↓

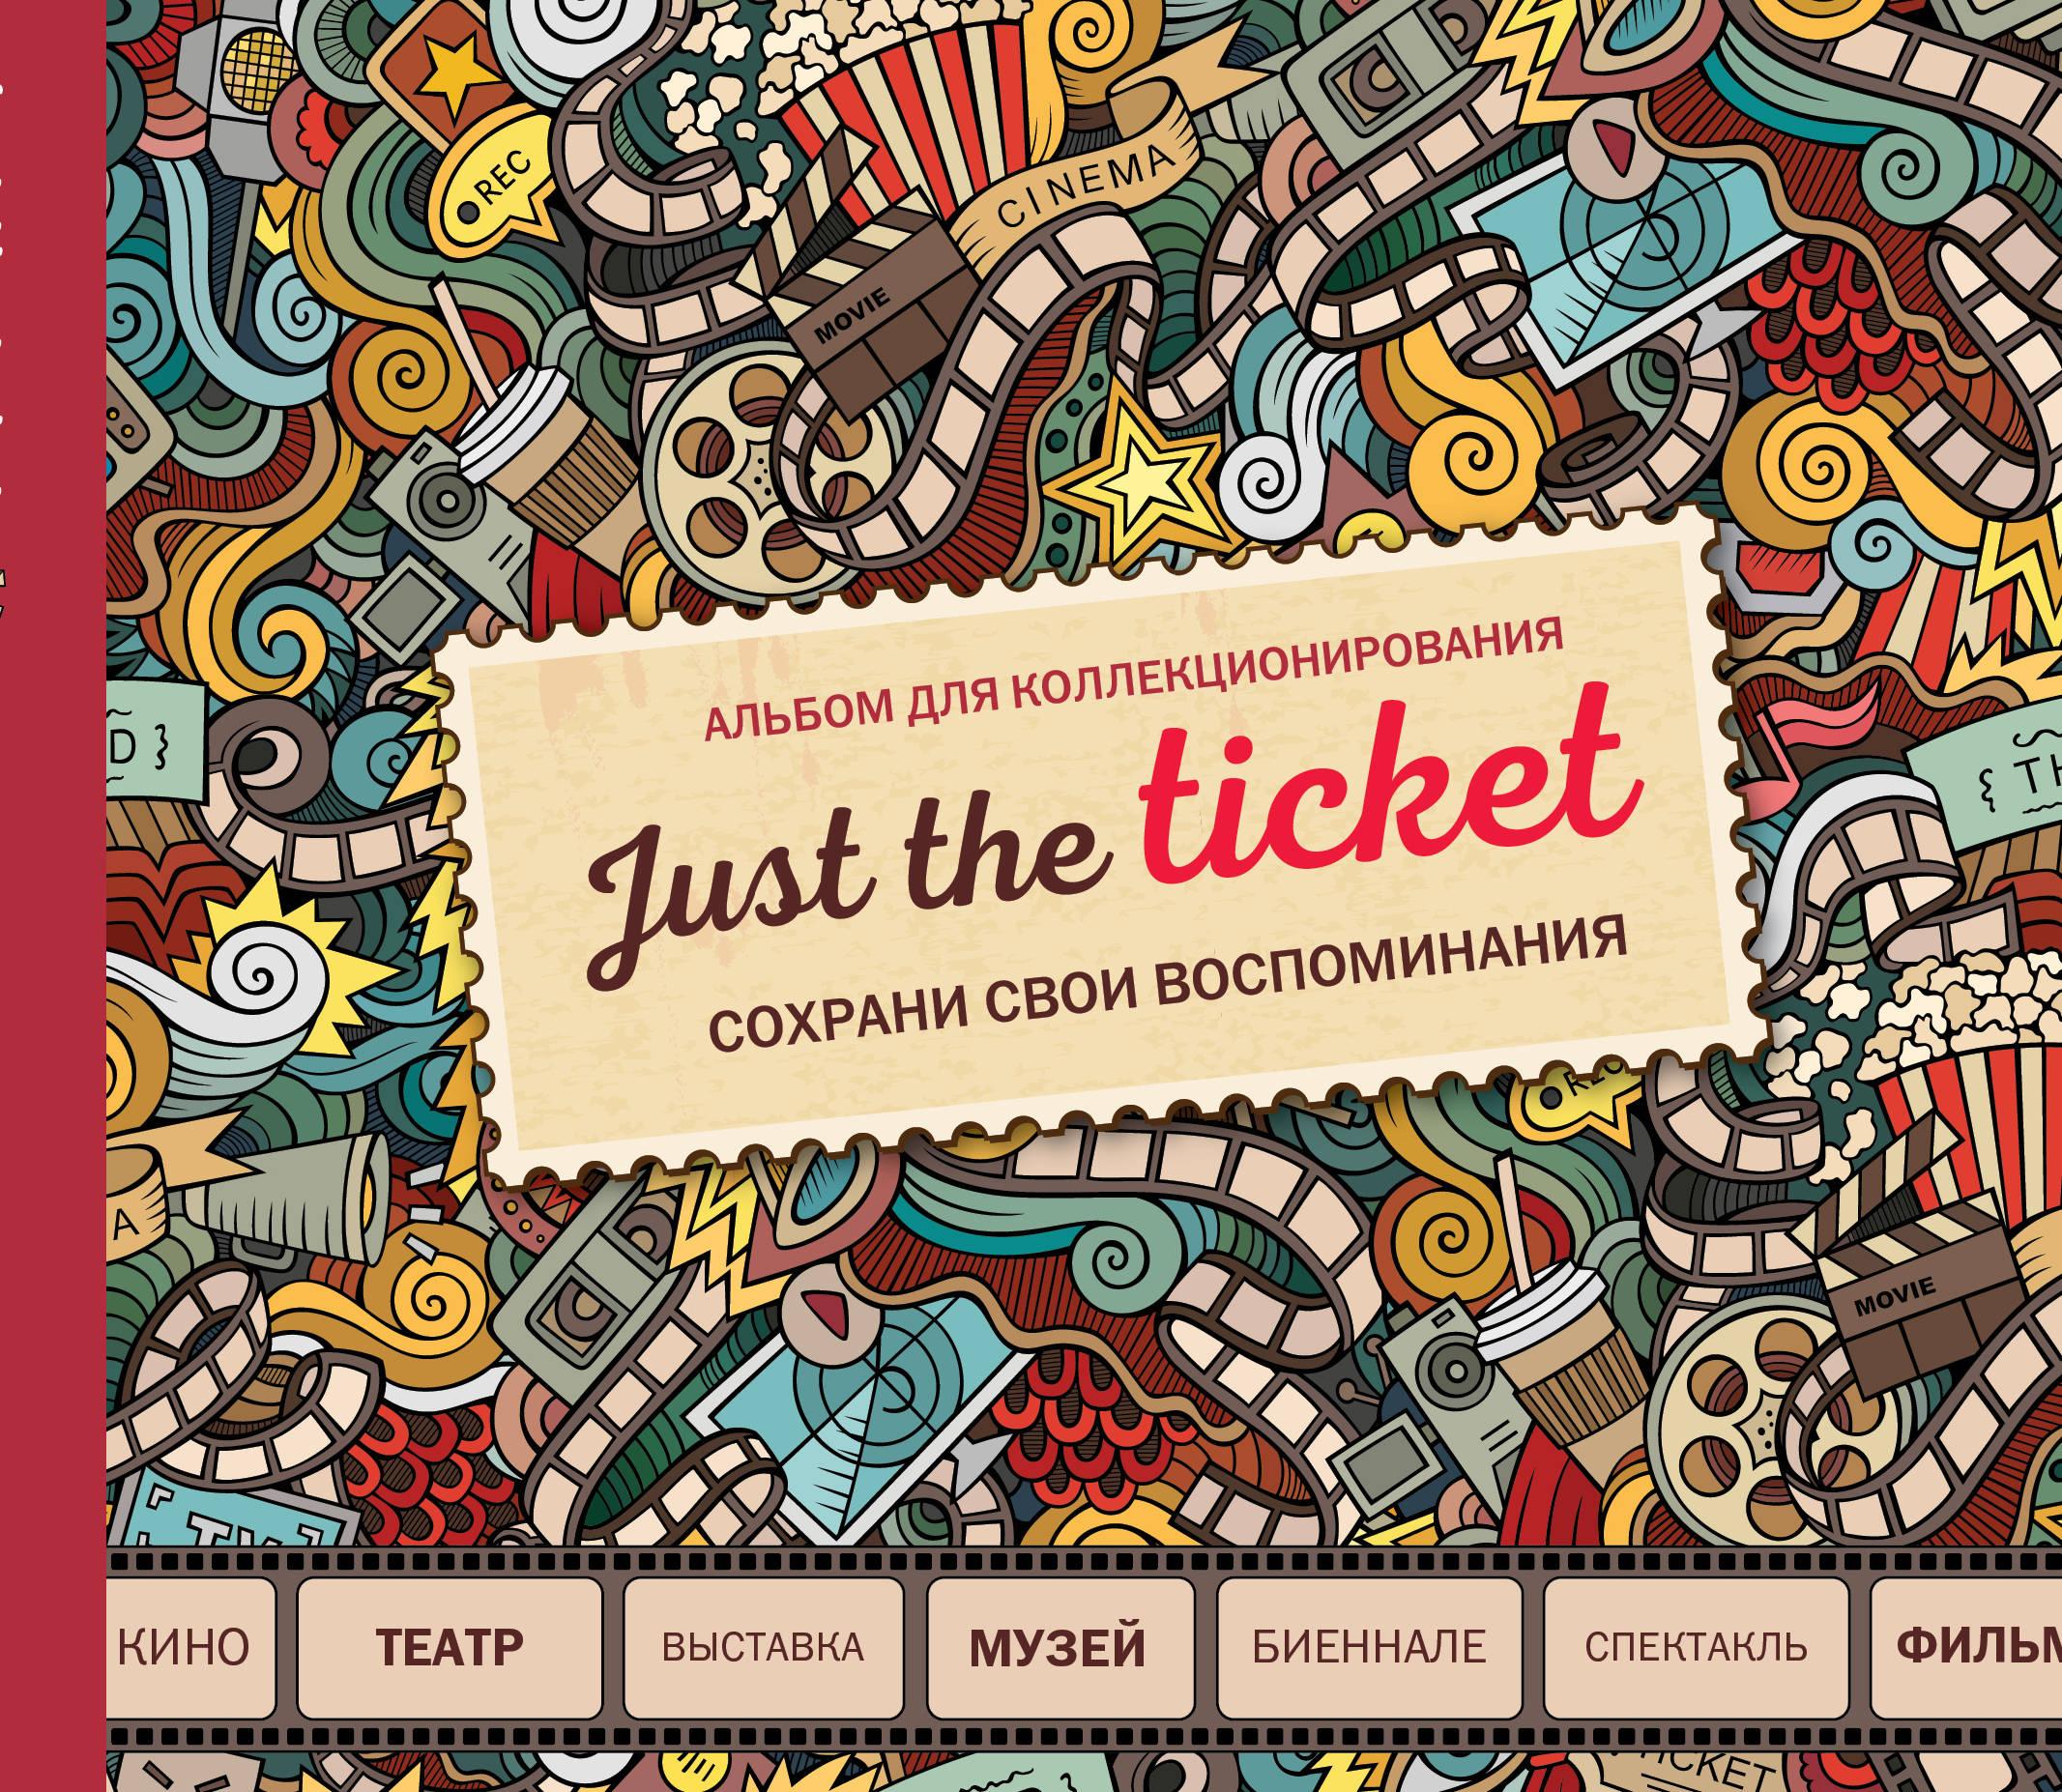 Just the ticket. Albom dlja kollektsionirovanija (meroprijatija)
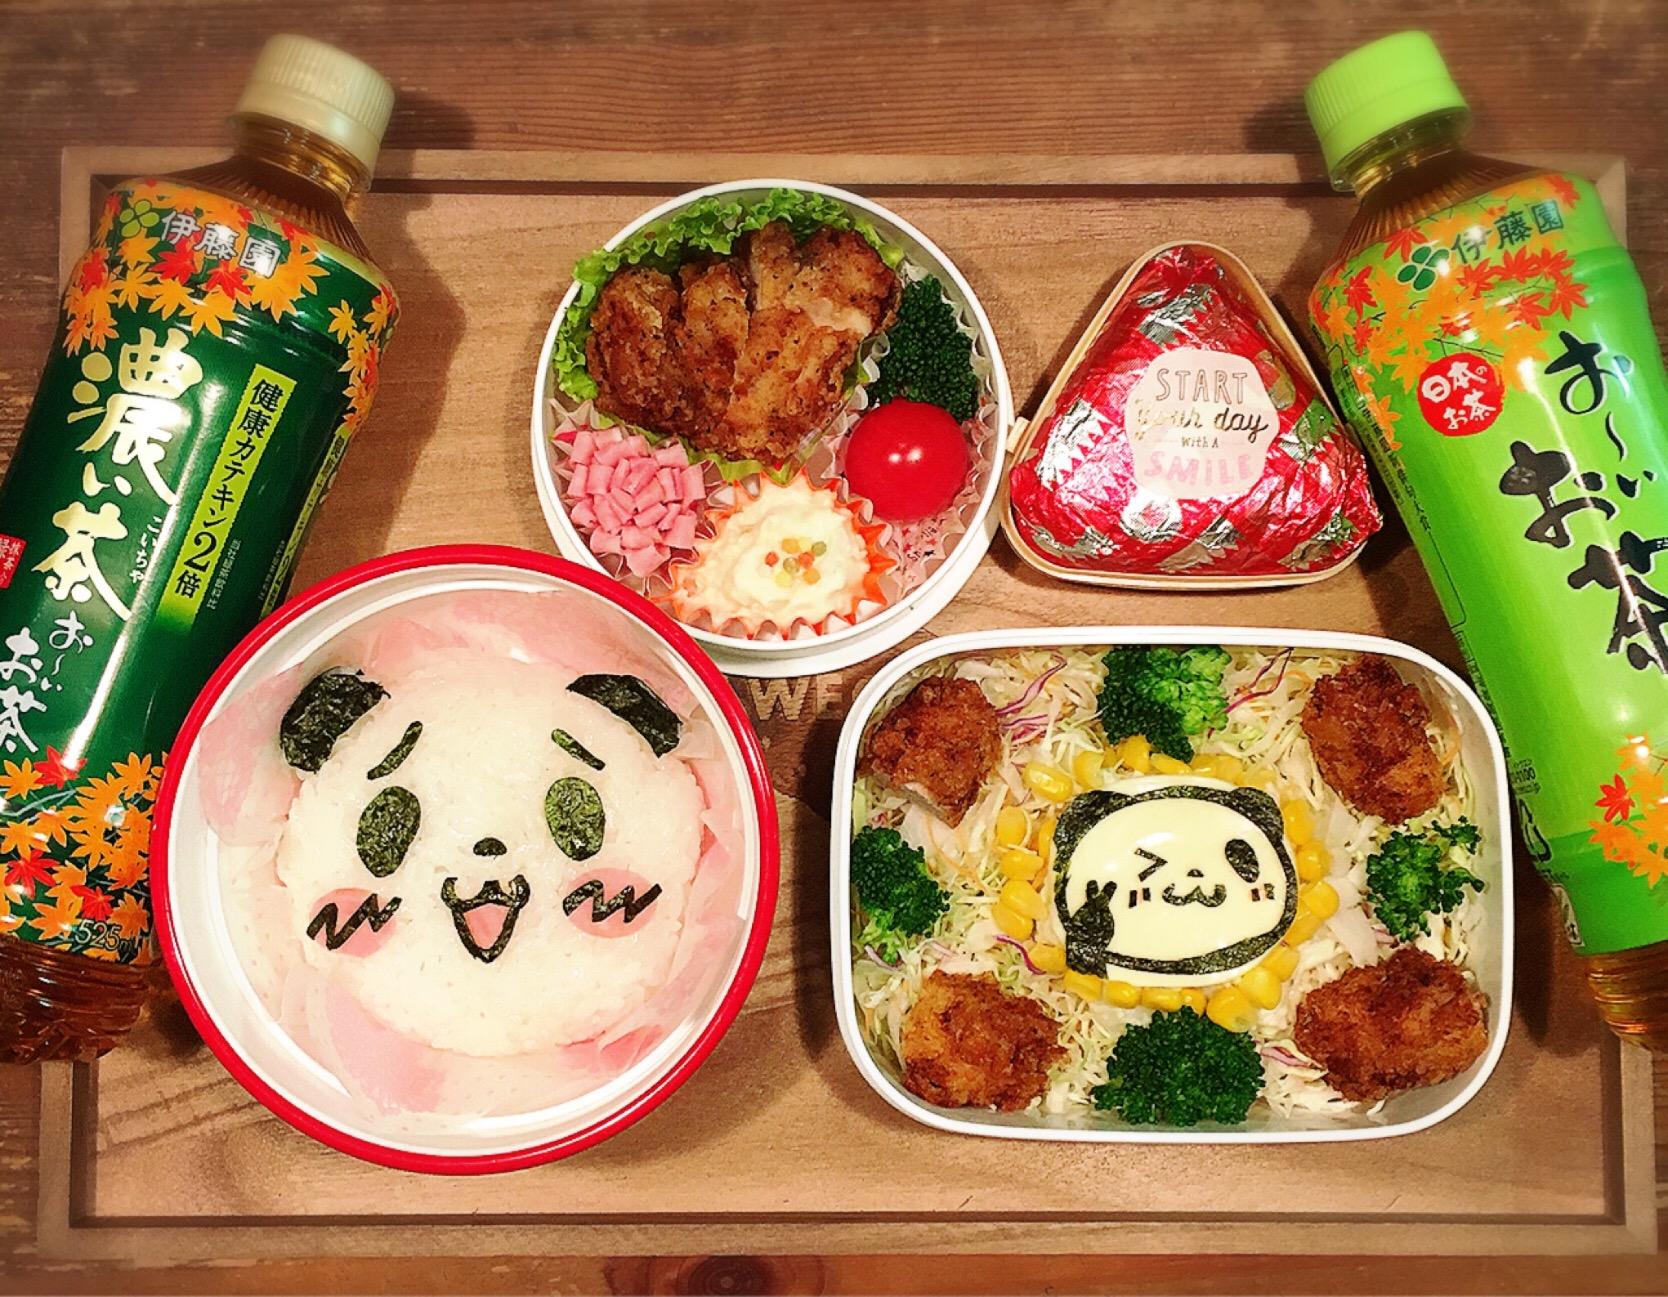 本日のOL弁+JKサラダ弁?? 今日は、楽天お買いものパンダ?✨✨
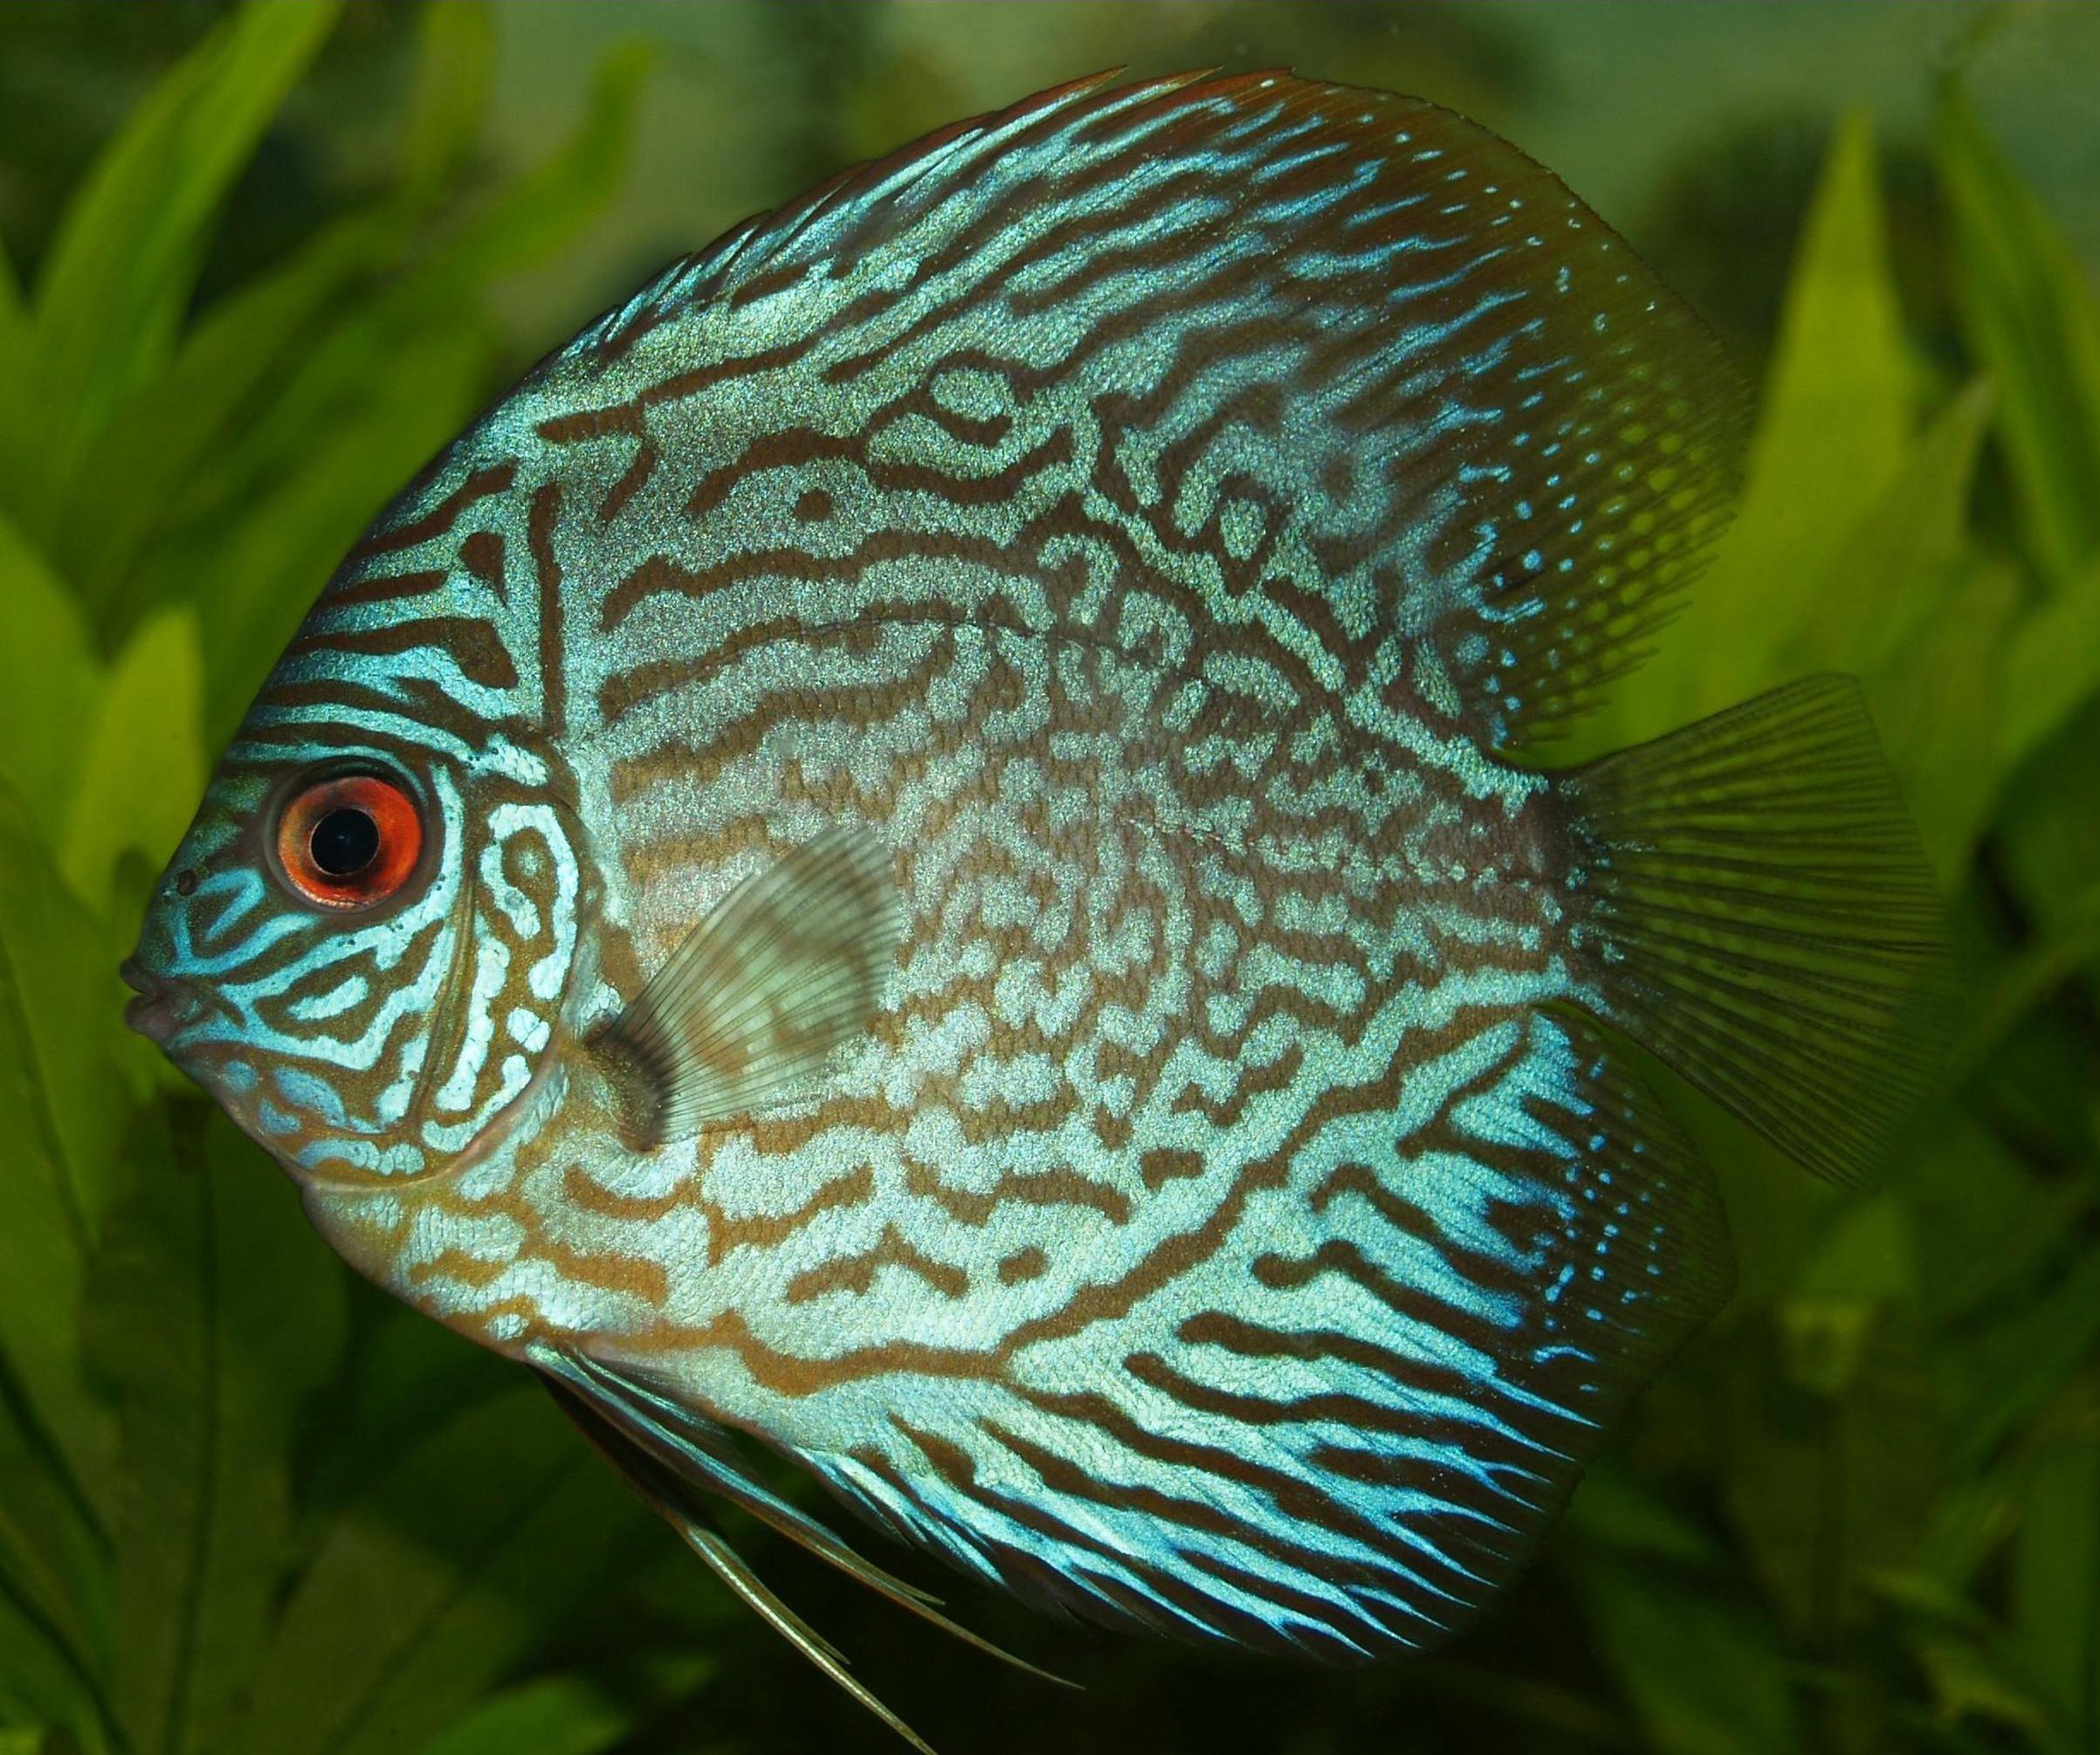 Types Of Discus Fish Discus (fish)

↑

YOUR GOAL >> Write out the whole listing exactly as it appears, and omit the pictures.

RESPONSE TO THIS EXERCISE >>
 Just the ticket. Albom dlja kollektsionirovanija (meroprijatija)
 本日のOL弁+JKサラダ弁?? 今日は、楽天お買いものパンダ?✨✨
 Types Of Discus Fish Discus (fish)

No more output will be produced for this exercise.